Temperature dependent chemical and enzymatic probing of the tRNA-like structure of TYMV RNA.

A van Belkum 1, P Verlaan 1, J B Kun 1, C Pleij 1, L Bosch 1
PMCID: PMC338191  PMID: 2833723

Abstract

In this paper we report on the thermal unfolding of the tRNA-like structure present at the 3' end of turnip yellow mosaic virus (TYMV) RNA. Diethyl pyrocarbonate (DEP), sodium bisulphite, nuclease S1 and ribonuclease T1 were used as structure probes at a broad range of temperatures. In this way most of the nucleotides present in the tRNA-like moiety were analysed.
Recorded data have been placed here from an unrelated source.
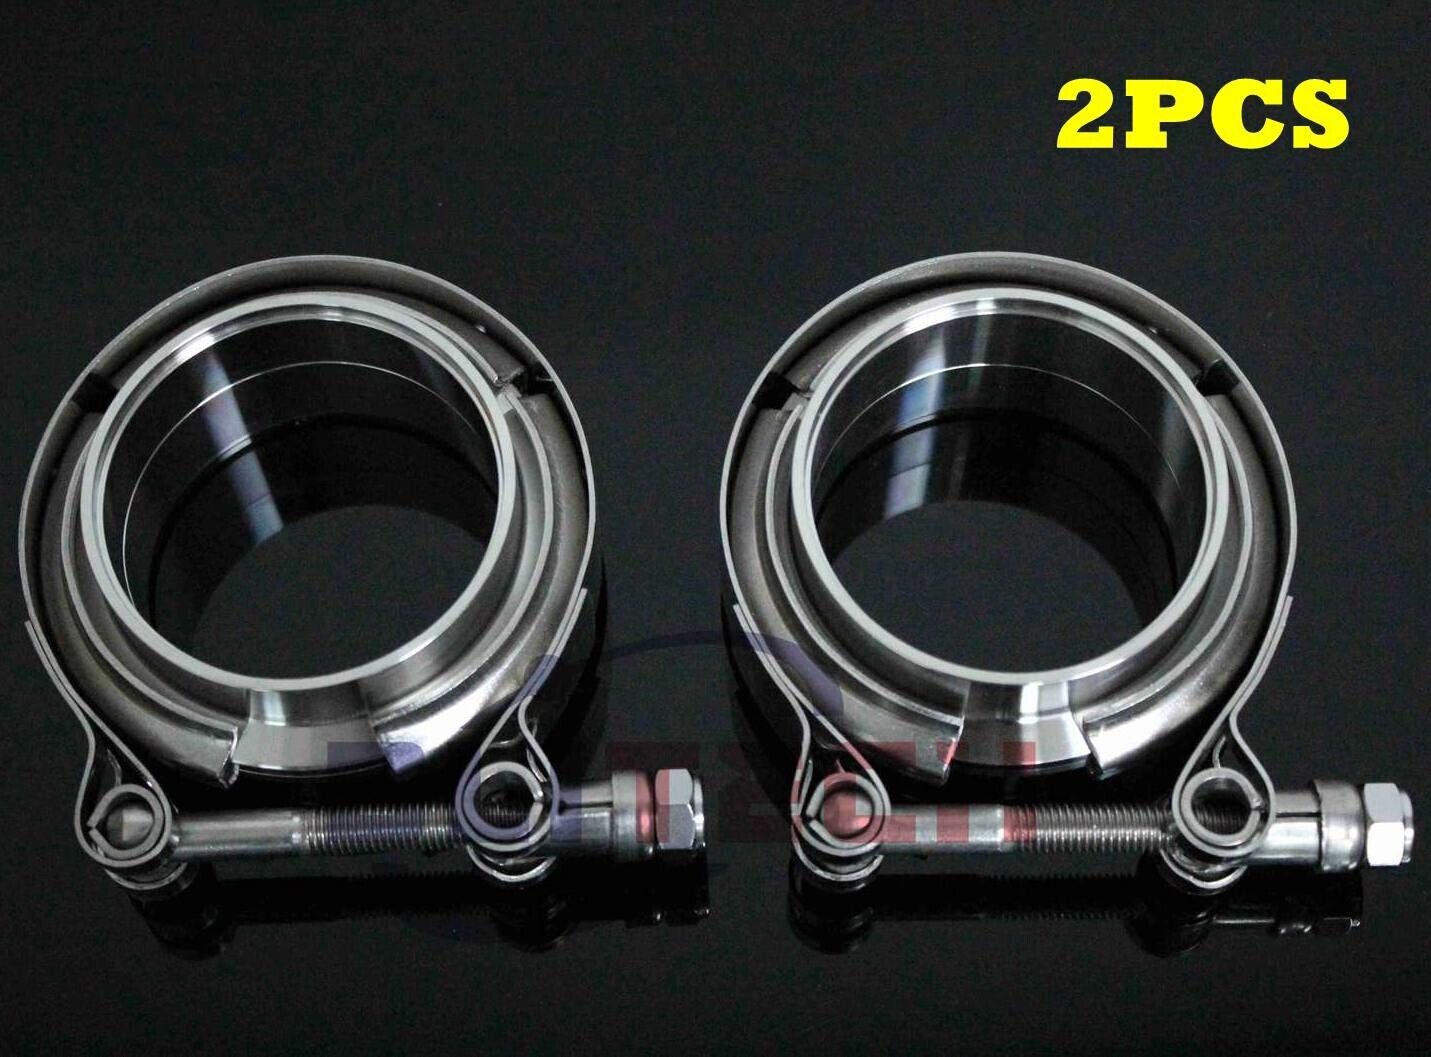 2PCS 2inch V-band clamp & 2” Stainless Male/Female Flange Kit exhaust downpipe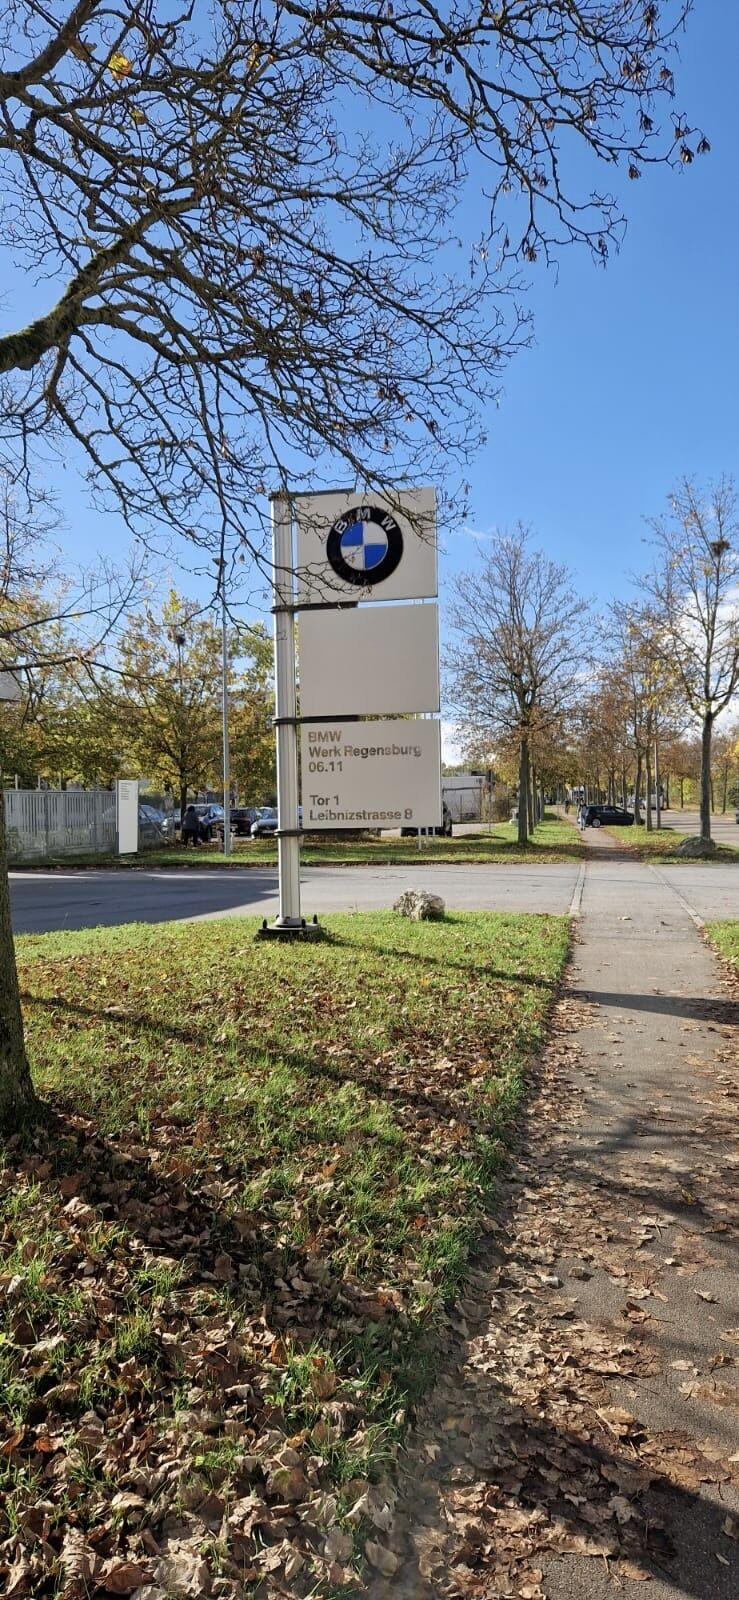 IB bei BMW in Regensburg - Cover Image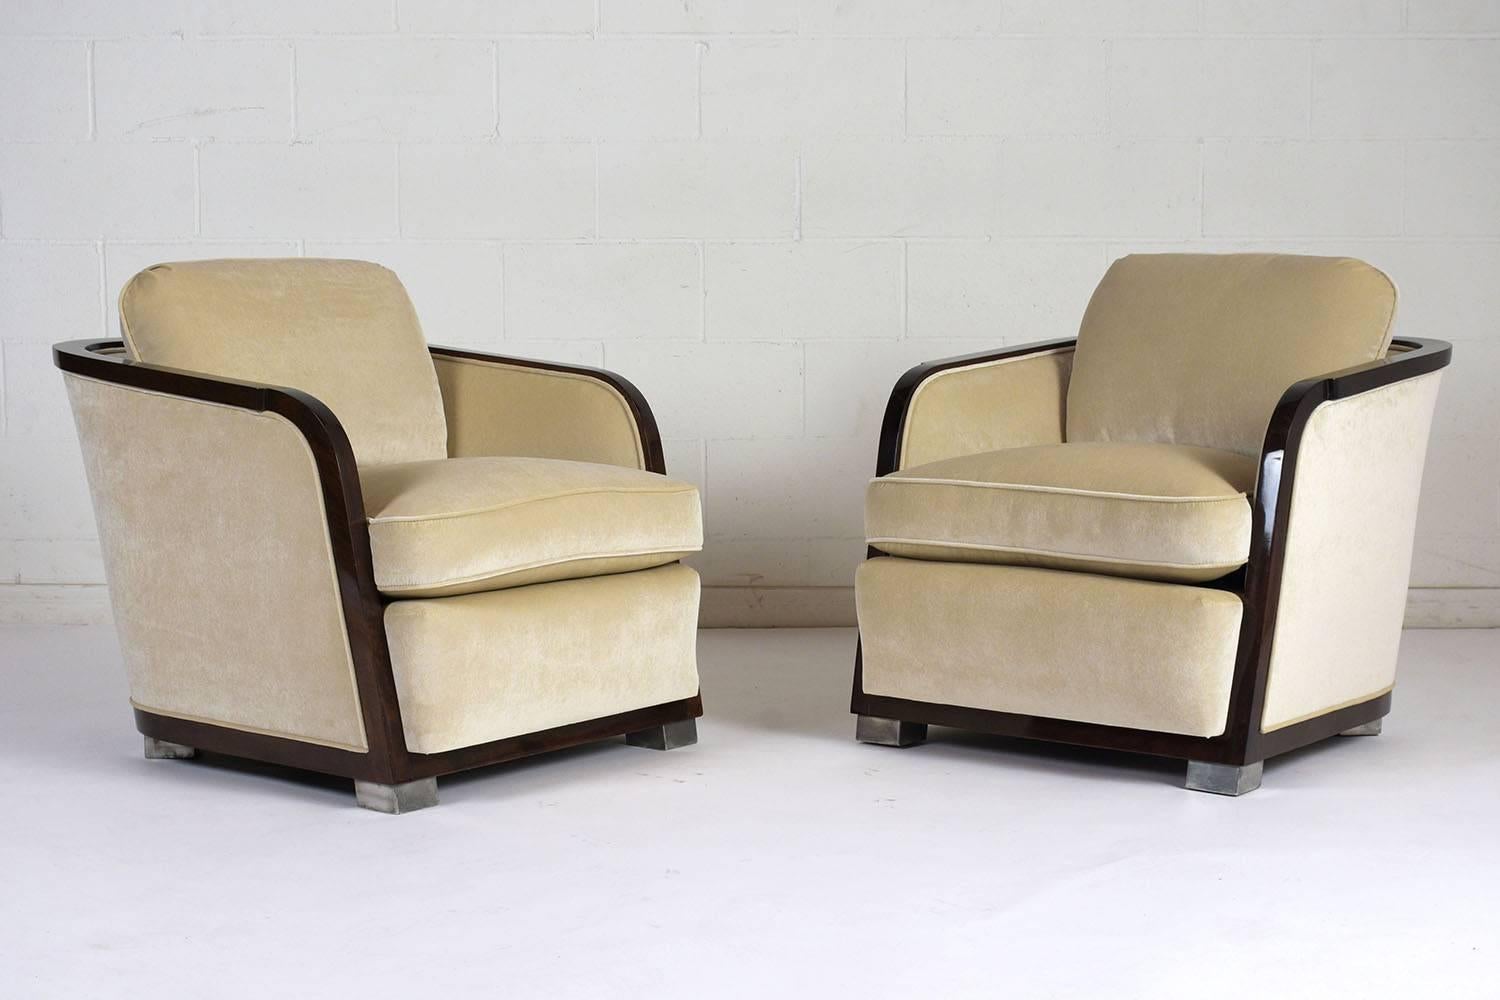 This pair of 1960s Art Deco-style club chairs have a curved profile with a rosewood color wood frame with a lacquered finish. The chairs are upholstered on the back, seat, and front edge in a beige color velvet fabric with single piping trim

The melting behaviour of both secondary and tertiary interactions could be followed on the basis of the temperature dependent accessibility of the individual nucleotides or bases towards the various probes. The three-dimensional model of the tRNA-like domain (Dumas et al., J. Biomol. Struct. and Dyn. 4, 707 (1987] was supported by the results to a large extent. The interactions occurring between the T- and D-loop appear to be more complex than proposed in the latter model. Additional evidence for the presence of the RNA pseudoknot (Rietveld et al., Nucleic Acids Res. 10, 1929 (1982] was derived from the fact that the three coaxially stacked helical segments in the aminoacylacceptor arm displayed different melting transitions under certain experimental conditions. Aspects of melting behaviour and thermal stability of double helical regions within the tRNA-like structure are discussed, as well as the applicability of nucleases and modifying reagents at various temperatures in the analysis of RNA structure.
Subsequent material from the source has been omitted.